Closed zhibinQiu closed 2 years ago
Hey there. Not the author, but I have been running similar experience on a similar setting (3090 namely) but on based on mp3d. It gets around 25 FPS though. Also trained around 6 days and it reached around 13 millions.
The main difference I spotted is that in the audiogaol_depth_ddppo.yaml
for mp3d, the NUM_PROCESSES
is set to 10 instead of 5 as in the replica config.
NUM_PROCESSES defines the number of environment that are running in parallels for the agent to interact with. Since your NUM_PROCESS is half mine, I think the speed you are getting is quite consistent that of my experiment too.
Now, given how good your curves are looking anyway, namely Metrics/success, I would say you might not need to train that long anyway. Depending on your use case, you could just train for 2 million steps instead ...
I think the curves show that it is learning pretty well already, so you might not need to train for that long anyway.
@dosssman
Sorry for replying so late. An interesting phenomenon, when I set num_processes
to 9 (9 scenes for training In Replica), the training seems to converge more slowly, and the effect seems to be worse(The blue line).
Hey @zhibinQiu , no worries.
Do you mean 9 parallel environments ?
A wild guess is that less parallel environments could mean that the agent has less data to use for its update, which in turns leads to it learning slower than if num_envs = 10. Namely, with NUM_PROCESSES = 10, the PPO algorithms update the policy / value network using a rollout size of 10 * 150 = 1500, but with NUM_PROCESSES = 9, it has 150 less samples to work with.
Also, reducing the NUM_PROCESSES might not necessarily make it faster, because one of the time consuming process is the RNN forward loop that cannot be parallelized on the GPU.
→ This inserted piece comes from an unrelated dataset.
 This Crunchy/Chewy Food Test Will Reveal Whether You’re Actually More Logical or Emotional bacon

@dosssman The num_processes set before is 5(The orange line), and now it is changed to 9, but it seems to be slower😂
Yeah, hard to know the reason with all those variables. It could also be that by having a lot of env simulator, the burden on the GPU makes it simulator slower ...
From the SS2.0 paper:
7.7 Training and Implementation Details of the Navigation Benchmark In this continuous audio-visual navigation benchmark, we use the AV-Nav agent [14] with the decentralized distributed proximal policy optimization (DD-PPO) [75]. We train the navigation policy for 80 million steps on the same AudioGoal navigation dataset [14] except that the movement and audio are c\ontinuous. For continuous navigation, we define success as the agent issuing a stop action within 1m of the goal location. We train the policy on 32 GPUs for 46 hours to converge.
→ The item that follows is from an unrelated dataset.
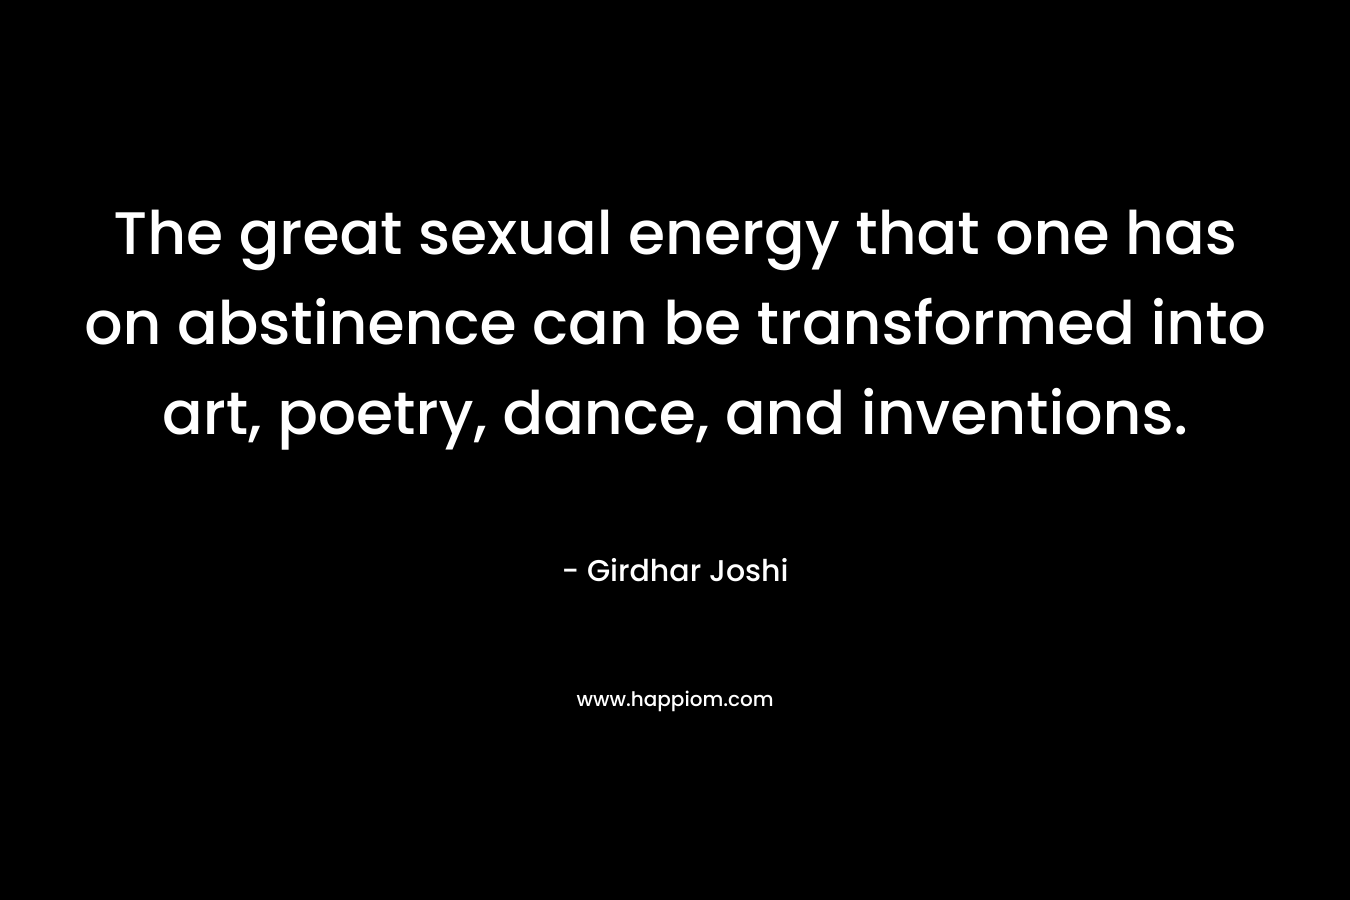 The great sexual energy that one has on abstinence can be transformed into art, poetry, dance, and inventions. – Girdhar Joshi

Making it faster will probably require some hardware beefup more than anything else.
@dosssman You are so right, I run multiple programs on one graphics card😂. Thank you for your help all the time, I will put this question aside for a while, I want to know how to add another sound source using soundspaces2.0, if you have time, can you tell me the specific code location? I have spent a long time on this😭
I am not doing much haha :sweat_smile:
By "adding another sound source", do you mean having another sound source on top of the ringing telephone at the same time ?
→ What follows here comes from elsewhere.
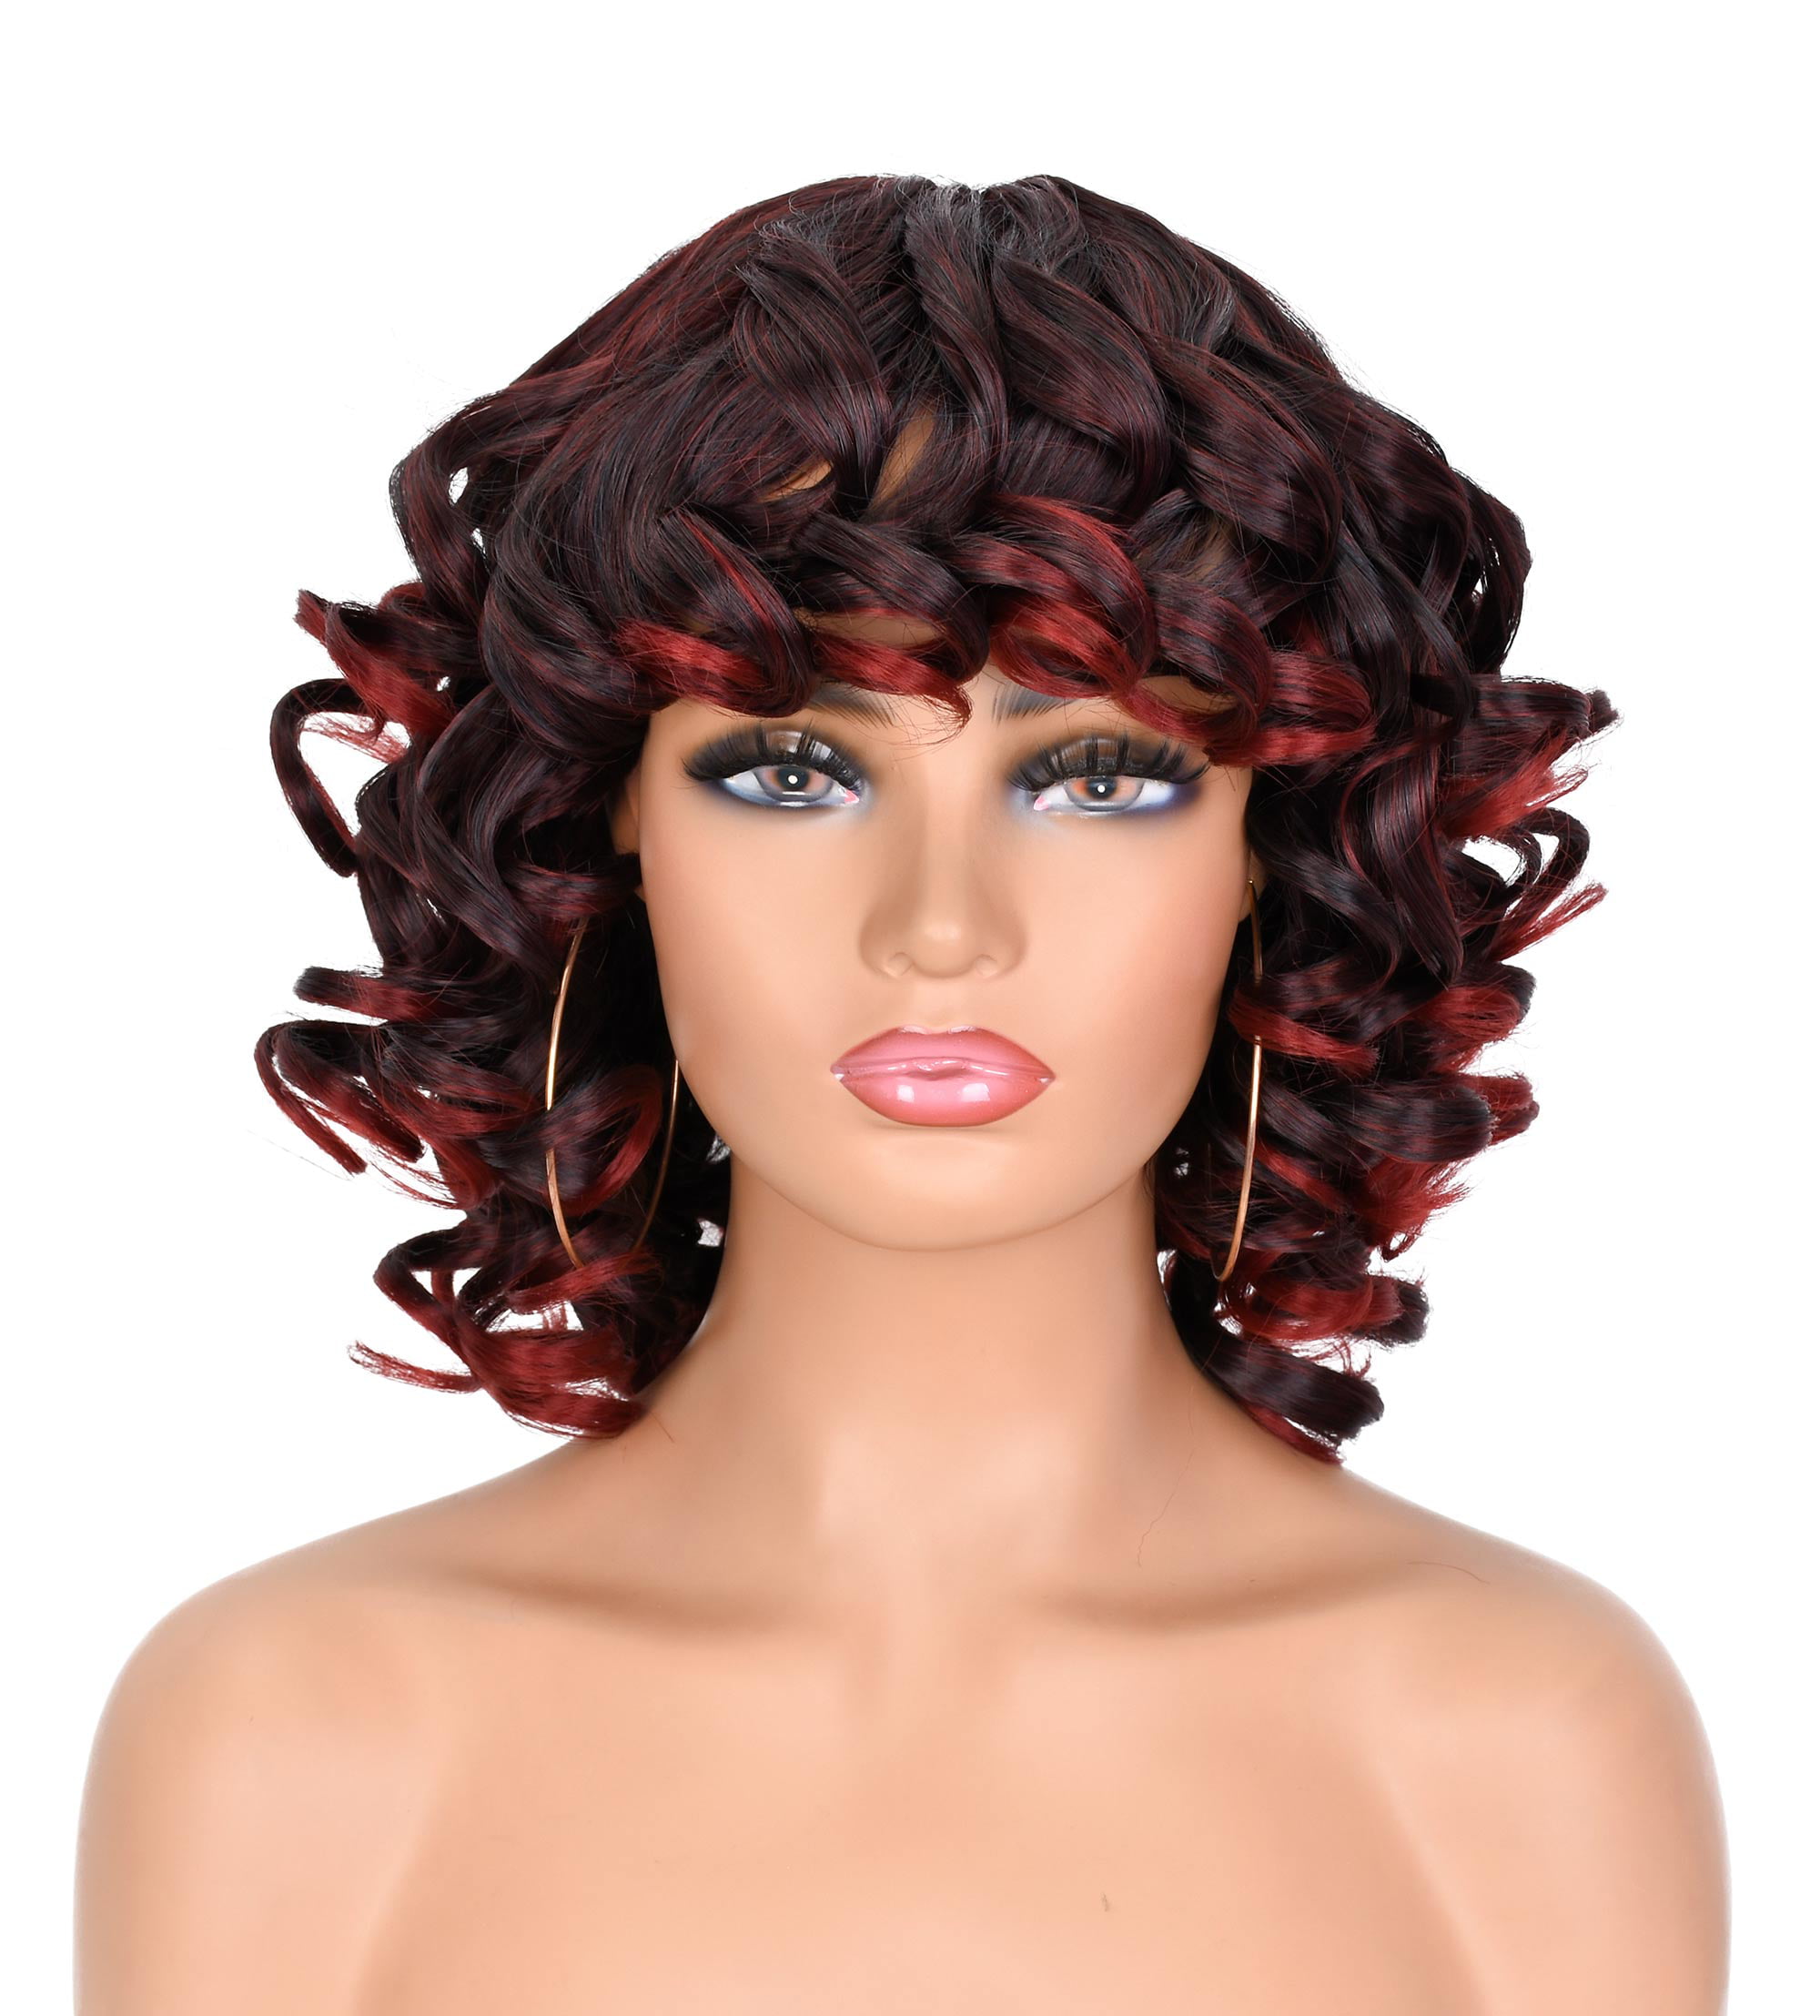 ANNISOUL Afro Curly Wigs for Women with Bangs Synthetic Short Kinky ...

Personally I am more interested in having different type of sound sources for my use case. In case you have not seen it already, the closest thing I could find to that goal was the Semantic Audio Visual Navigation (SAVi) https://vision.cs.utexas.edu/projects/semantic-audio-visual-navigation/ that has support for other sound sources. Unfortunately, I could not get it to run using SS2.0 continuous simulator (#85) so I have fallen back to SS1.0's dataset based variant for now.
I will let you know if I find anything related to adding and using other sound sources, anyway. Best of luck on your side too.
@zhibinQiu The acoustic propagation engine for SoundSpaces 2.0 runs on CPU. If you run too many jobs on the same node, the simulation will increase. You can play around with the tradeoff of simulation efficiency vs accuracy by tuning the parameters.
@zhibinQiu @dosssman sound rendering for multiple sources is additive. To compute the sound received from multiple sound sources, you basically need to compute the IR for each location, convovle them with each source sound and add the waveforms together. Either SS 1.0 or SS 2.0 supports this feature.
Hi @ChanganVR When I run:
python ss_baselines/av_nav/run.py --exp-config ss_baselines/av_nav/config/audionav/replica/train_telephone/audiogoal_depth_ddppo.yaml \ --model-dir data/models/ss2/replica/dav_nav CONTINUOUS True
My program has been running for 6 days and I found it to be very slow, here is my training logand nvi-info.
and tensorboard
my environment is:
Ubuntu 20.04.3 LTS RTX 3090 python 3.9 pytorch 1.12.0 habitat-sim and habitat 0.2.2
What's more,My config is followed the defaultsound-spaces/ss_baselines/av_nav/config/audionav/replica/train_telephone/audiogoal_depth_ddppo.yaml
Is this normal? I would be very grateful if you could give me some help.